While this week flew by in many respects and I only got a couple of posts out, there is much change and progress afoot. This post is an attempt to catalog some of the work I (and others) have been doing that hasn't made it onto the blog:

  • Discussion of the "Better Task List" post by jfm`. Including spoilers for posts that I hope to have ready next week.

  • Further discussion of the make emacs better post. I'm thinking that it's probably nearly time to split that into a few pages. There's a lot of great content there and people have added a lot. I'm a huge fan.

  • Not a link, except to say that I did some fairly substantial tweaks of the site's design, which is probably only worth mentioning because I suspect most people read the site on RSS. Different fonts in the headers, and I rearranged the masthead to be a little more clean, and changed the links a bit.

  • I'm in the slow process of cleaning up the Cyborg Institute site which I've neglected for far too long. I'm importing a lot of the content that I wrote over there, notably sygn and tubmle-manager. Next up, some straggling blog posts, and a clean up of the existing content to match my current projects and work.

  • The knitting posts, which is collected separately from rhizome posts is in full swing, and I hope to be able to post a few things there every now and then.
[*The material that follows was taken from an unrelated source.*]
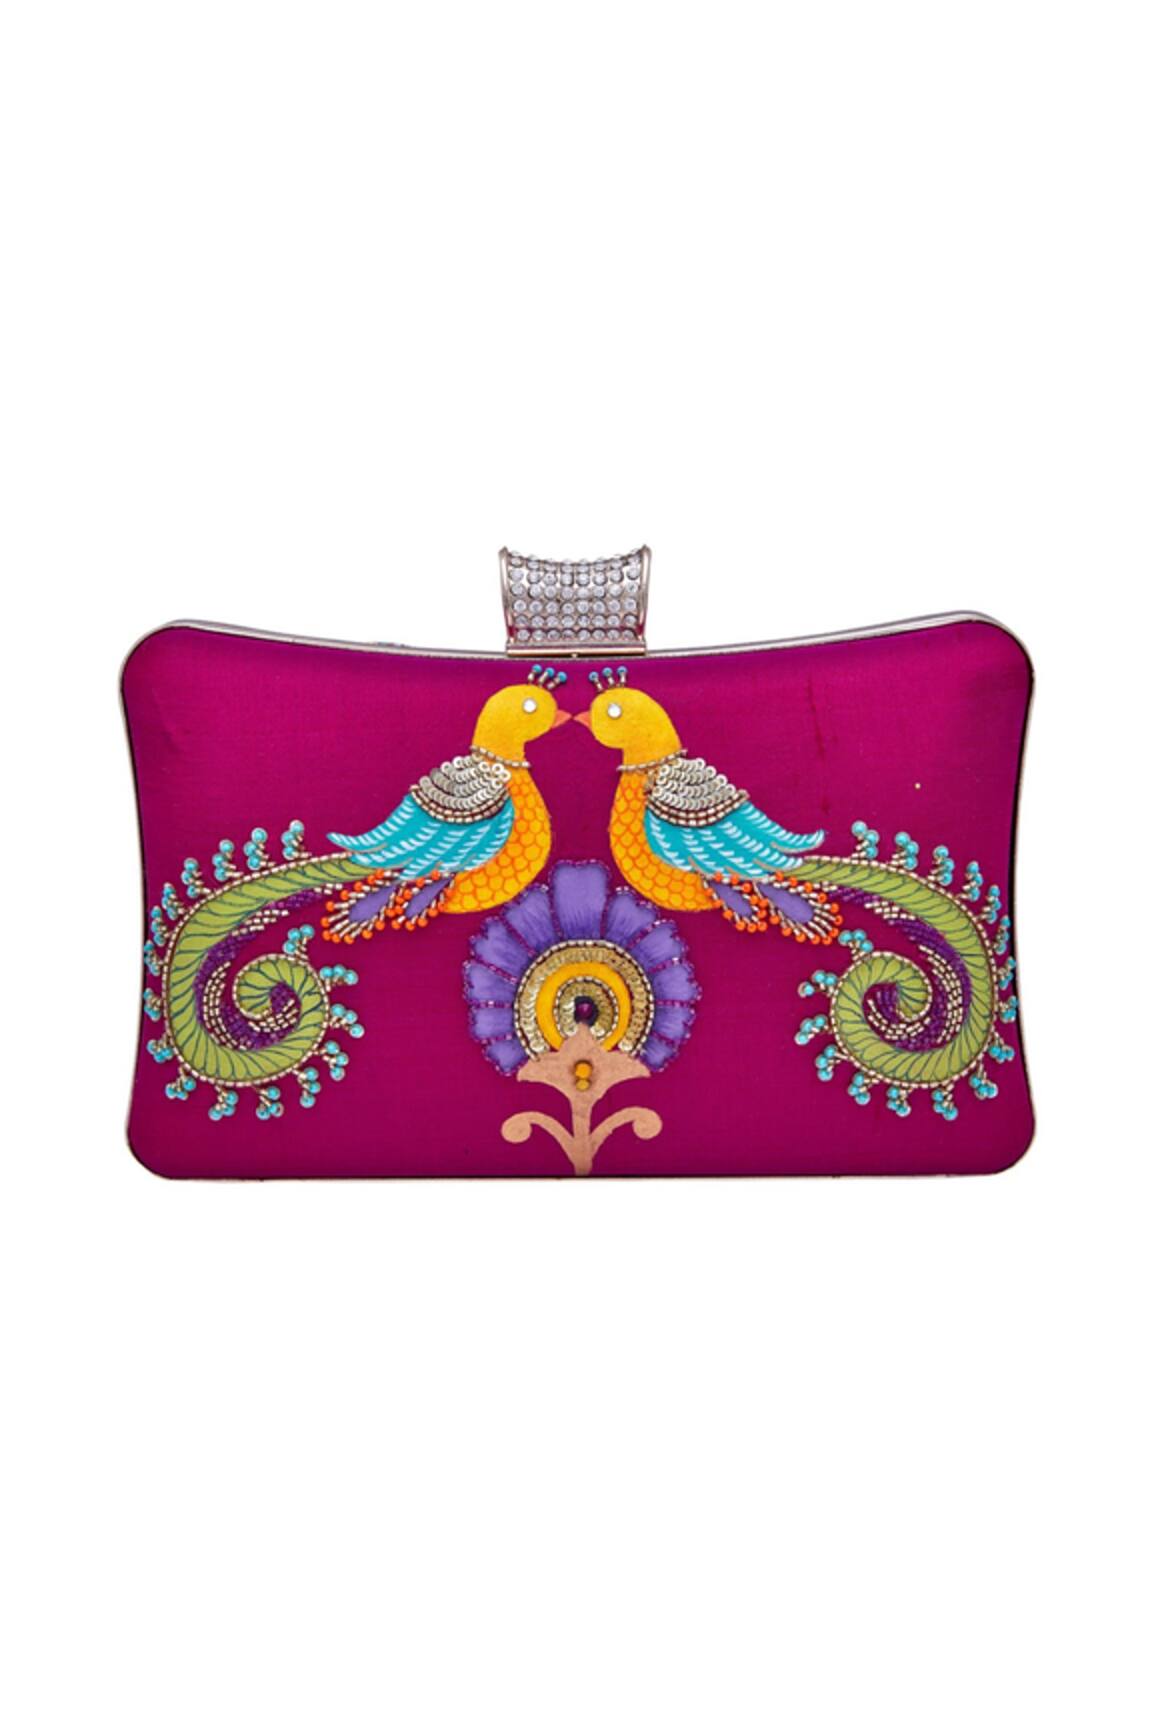 Crazy Palette Peacock motif embroidered clutch

  • There's now a real tag index and a tag cloud that looks like something. I'd avoided putting together a page like this for some time, because there were a lot of junk tags and enough really big tags that the cloud didn't really work. I've mostly cleaned that up, leaving the wiki with a rather awesome tag cloud

    I've also found a few things on the web that I think you might enjoy on the web:

  • A new blog called observatory. I've been talking to the author a bit. I realized that there aren't very many blogs that are so verbose. I suppose ByteBaker is another example, but there aren't many of them around.
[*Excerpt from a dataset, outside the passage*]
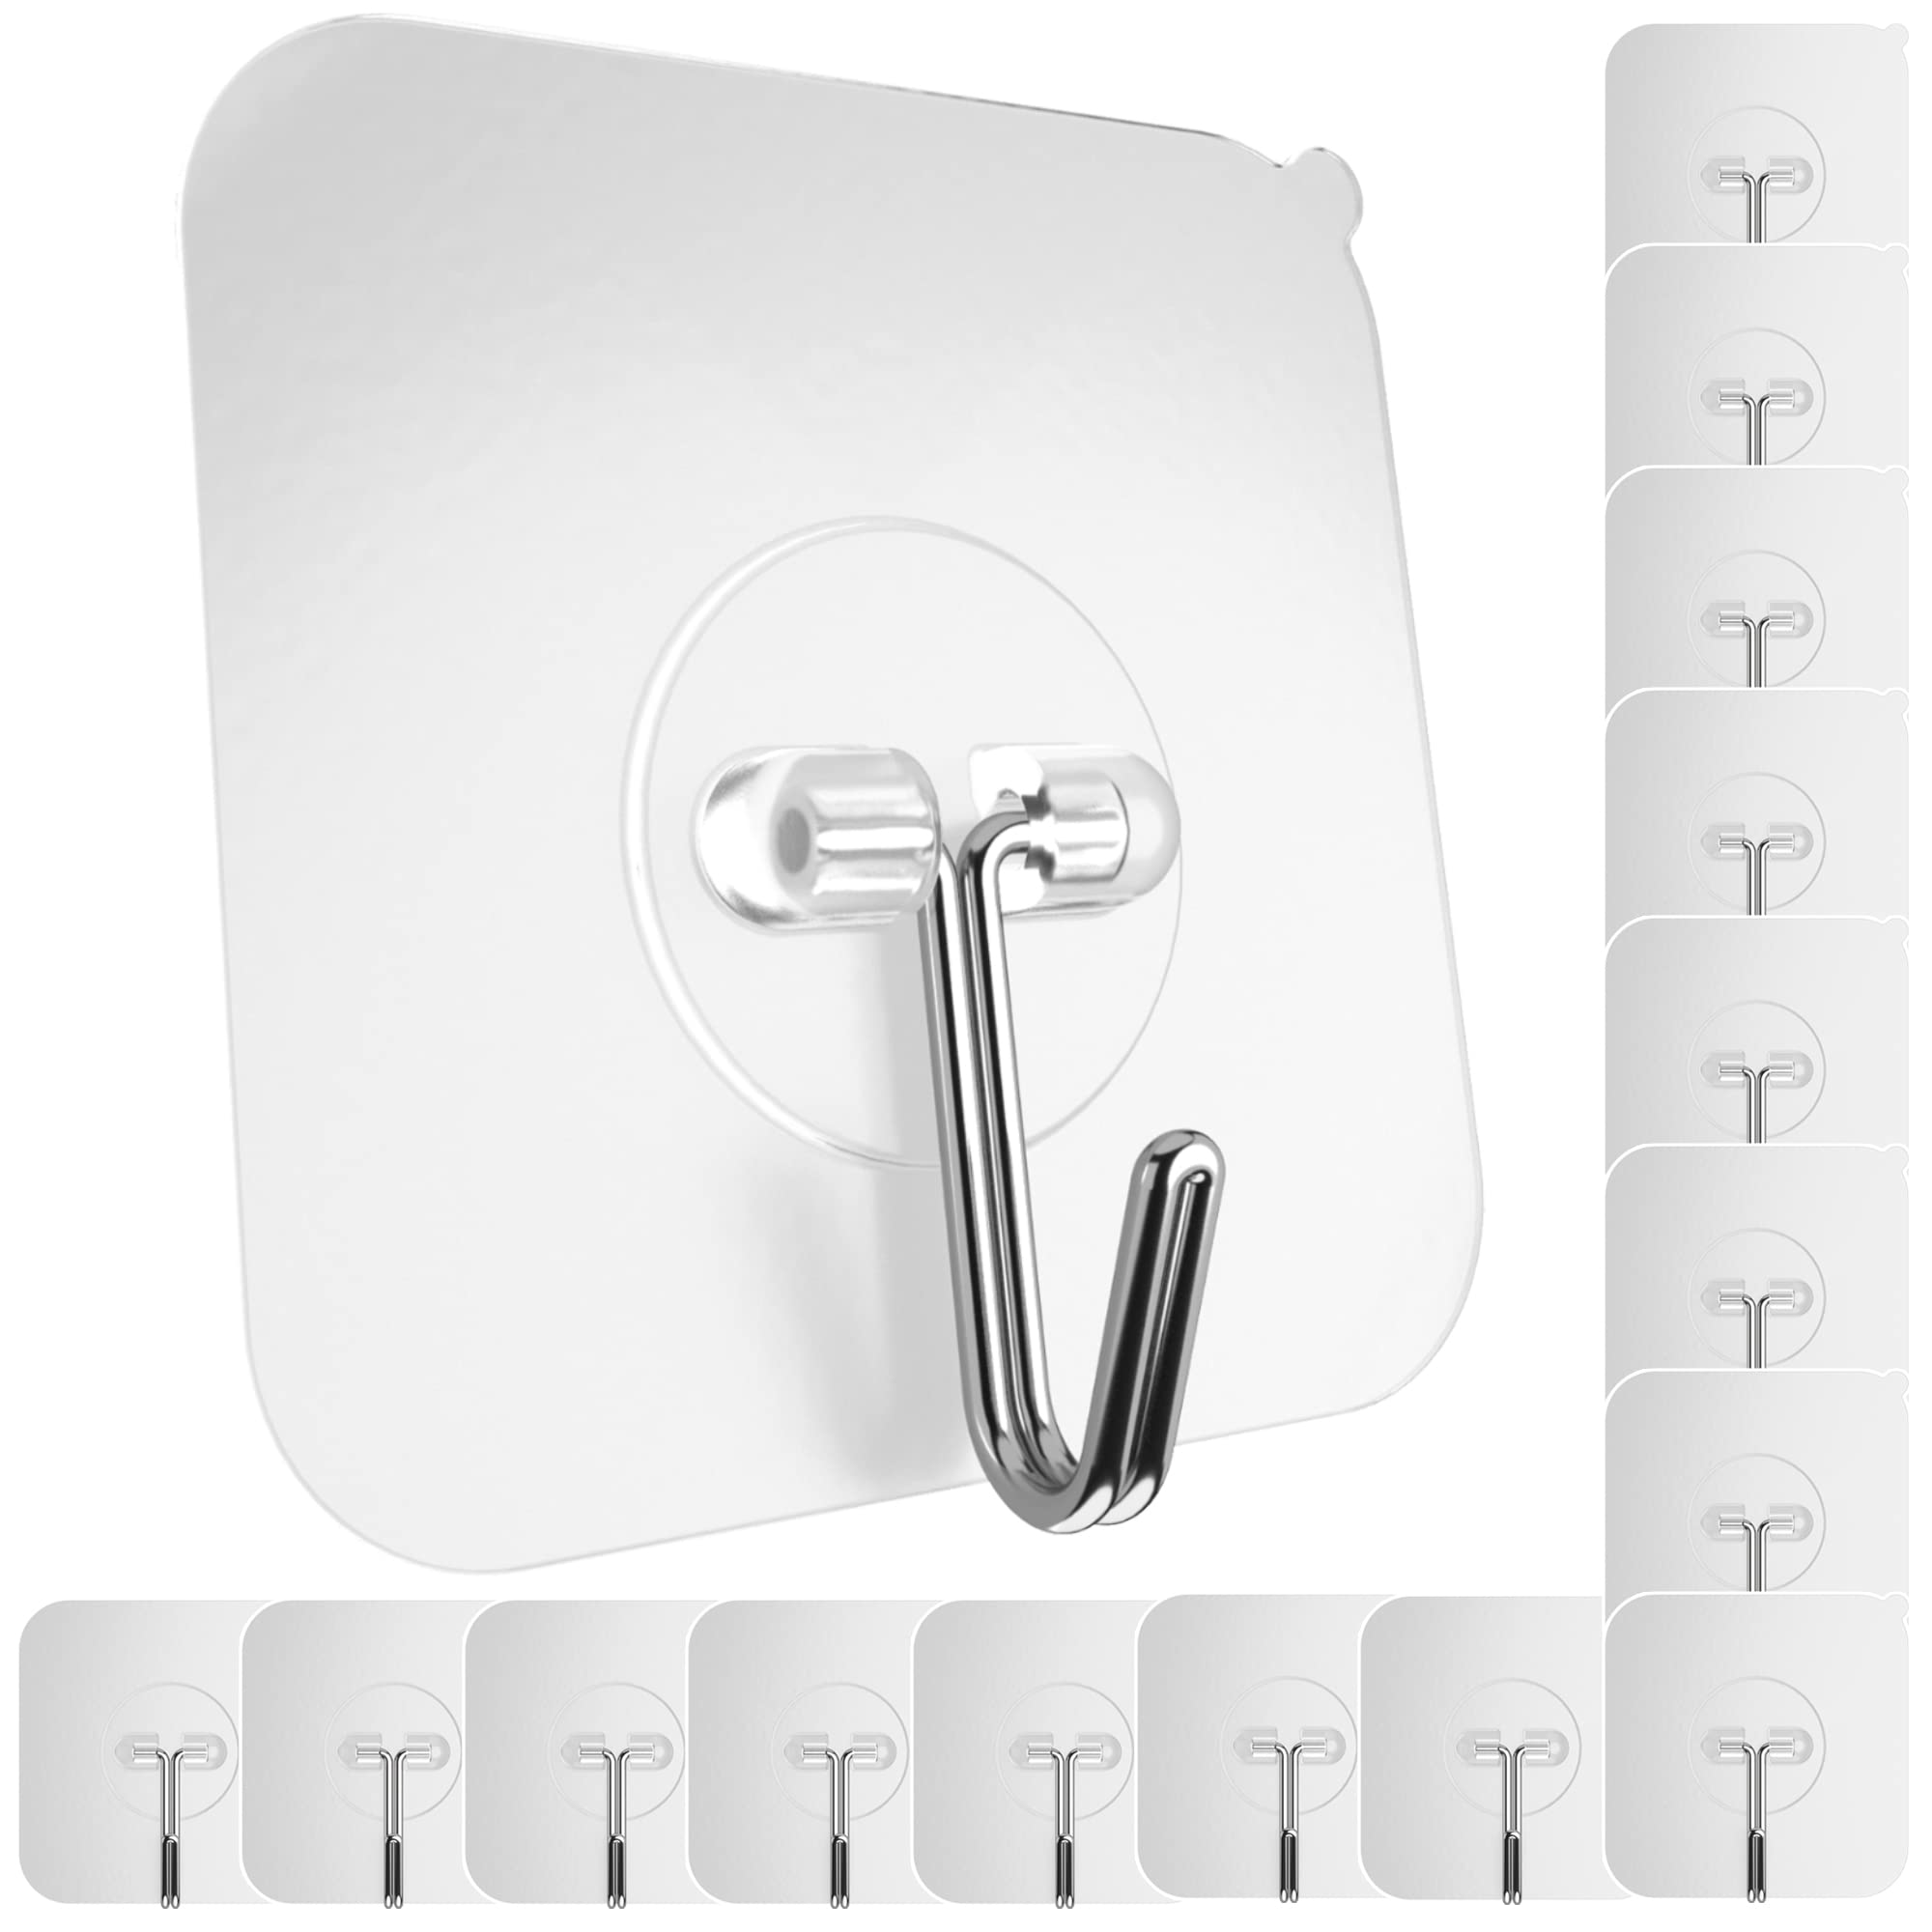 GLUIT Adhesive Hooks Heavy Duty 22 lbs Robe Towel Hooks Waterproof Adhesive Wall Hooks for Home Bathroom Kitchen Office and Outd

  • undo-tree-mode is a nifty little emacs hack that makes undoing and redoing much less complicated and weird. (From that make emacs better discussion.) Though I have to admit that I no longer have a problem with the default behavior, even if I know it's a bit counter intuitive.

  • I've been reading Strange Horizons more than I have in the past, thanks mostly to instapaer and InstaFetch for Android. I was particularly found of Genevieve Valentine's column/review of a glorious mess of a movie trope.

That's all I have for this week.

Comments Undo-tree also allows for undoing based on time (see here), apparently a feature that vim has.